I included “roots,” to include places your parents came from or perhaps places you grew up in and moved out of before you started forming memories. Even though you may not have memories or relationships from this setting, benchmarks can still be found which can be used for self-evaluation.

For example, I spent seven months in Trinidad recently. My mother is from there. I was born in the USA. Whether or not I have grown up with Trini traditions, or have even visited the country, going back there still would have provided the self-evaluation benefit. People who leave Trinidad to come to America tend to want security (the crime there is saddening), opportunity, and cheap electronics. In New York City, the dream is owning a hedge fund, a home in Connecticut, and not being able to sleep at night. Okay that’s even more of a joke, but what I’m saying is that most of us here in America are one or two generations away from people who left their nations of birth for simple but meaningful things (such as security, opportunity, and cheap electronics). If we lose sight of that, it’s easy to get lost in wanting excessive material luxuries, prestige, and other things over and above what our families originally came here for. Is wanting these things bad? No-I’m not saying that. I’m saying going back to see your roots is like a tool that allows you to see some assumptions you might be making, to question whether you need to go above and beyond what your lineage had originally moved for (this is the self-evaluation tool I was referring to). That decision is yours to make though! It’s just nice to be aware of your options.

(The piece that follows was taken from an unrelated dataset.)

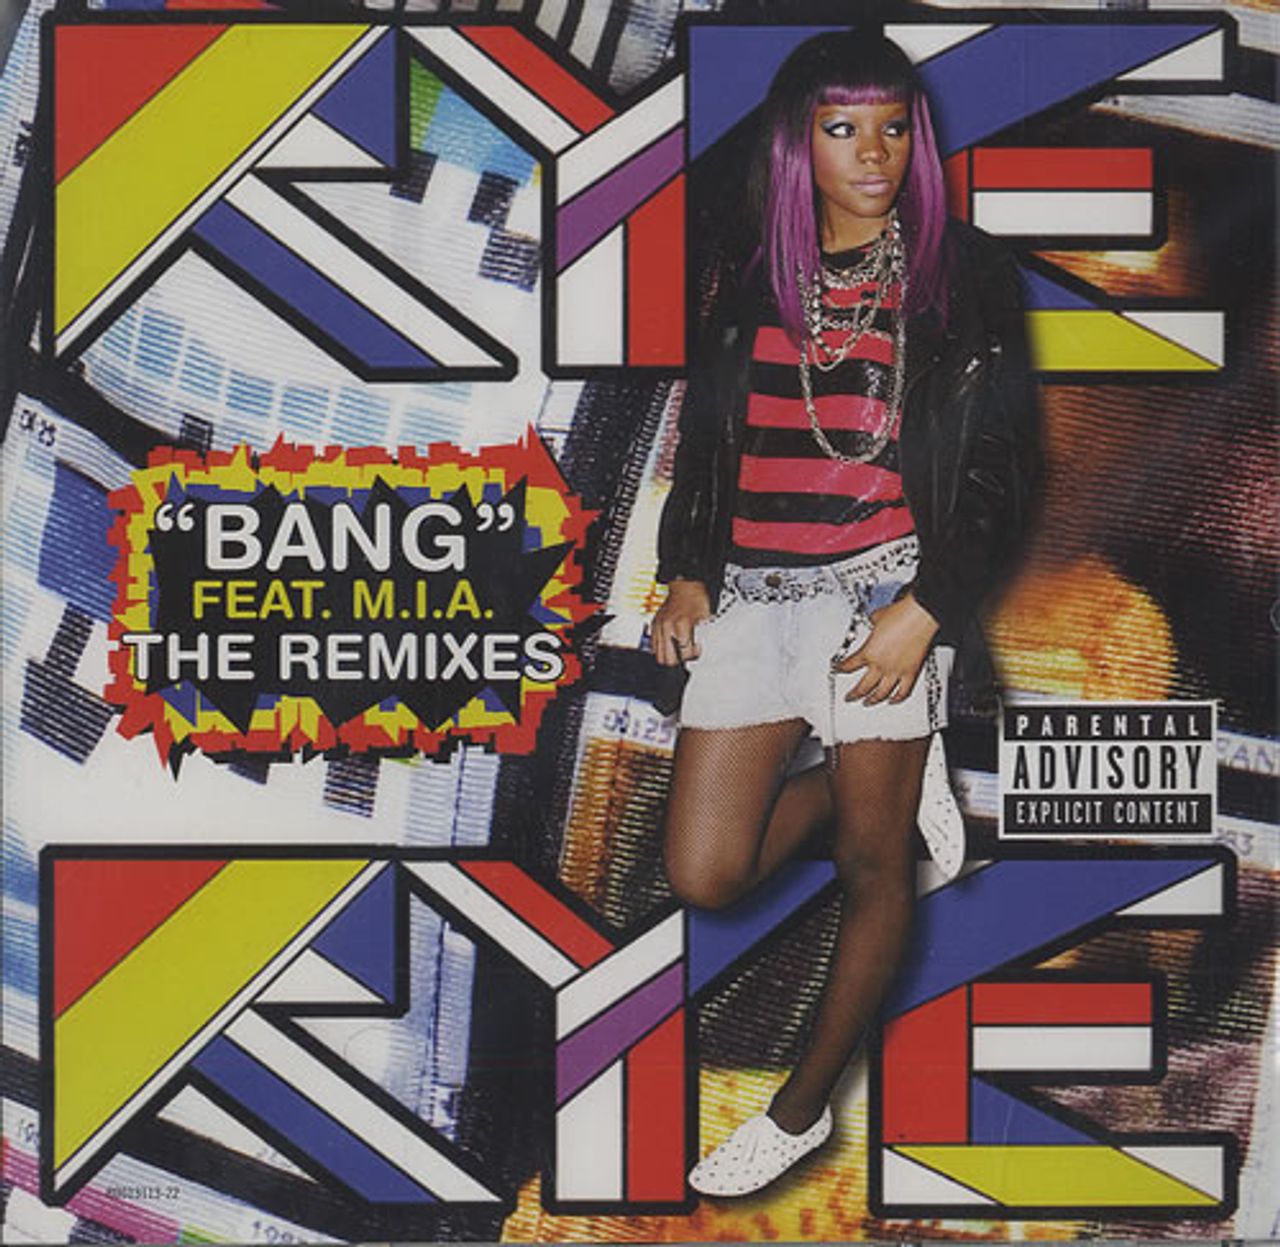 Bang bang ремикс

Have you changed? Has your thinking changed? If so, how has it changed? The same way tracking your progress in the gym is essential to continual fitness improvement, considering these questions is very valuable for one who is interested in his or her personal development. Maybe you’ve gotten off track, or maybe you’ve will be happy with the choices you’ve made. Think about it. Let us make room for our own improvement and simultaneously kick out any reasons or insecurities we have that might interfere with us returning to our past. I invite you to attend your next alumni event, old friends get together, and especially to consider spending some time connecting with your roots if you haven’t already done so. I will!


3 responses to “A Reason to Reconnect With Your Past

  1. Really great thought about seeing people you haven’t seen in a while to “benchmark” yourself.

    Ironic that we benchmark everything specific (sales figures, fbook page likes, etc) but we don’t benchmark this general, and quantitatively immeasurable, general YOU.

    I think people may fear doing this benchmarking process on themselves because it may reveal that they have not pursued they really wanted. However, on the flipside it can provide encouragement for the things you have successfully made a part of YOU.

  2. Yea… the willingness to “look under the hood” is crucial. It might be the defining trait…think about it:

    If you’re not willing to see faults can you say you want to improve yourself? It actually say you WANT to not improve.

  3. My goodness…I just turned 24 last month and was faced with the same existential crisis. I found myself searching for my past and finally reconnecting with it has made all the difference.

    At the end of the day, you cannot run away from who you are. After all they do say, wherever you go – there you are. Which is great if you love yourself but torture if its the contrary.

    I’ve found the best policy is to always look within..and deal with the demons..because your thoughts, insecurities as well as your hopes and confidence affect the way you see the world which in turn affects how the world sees you.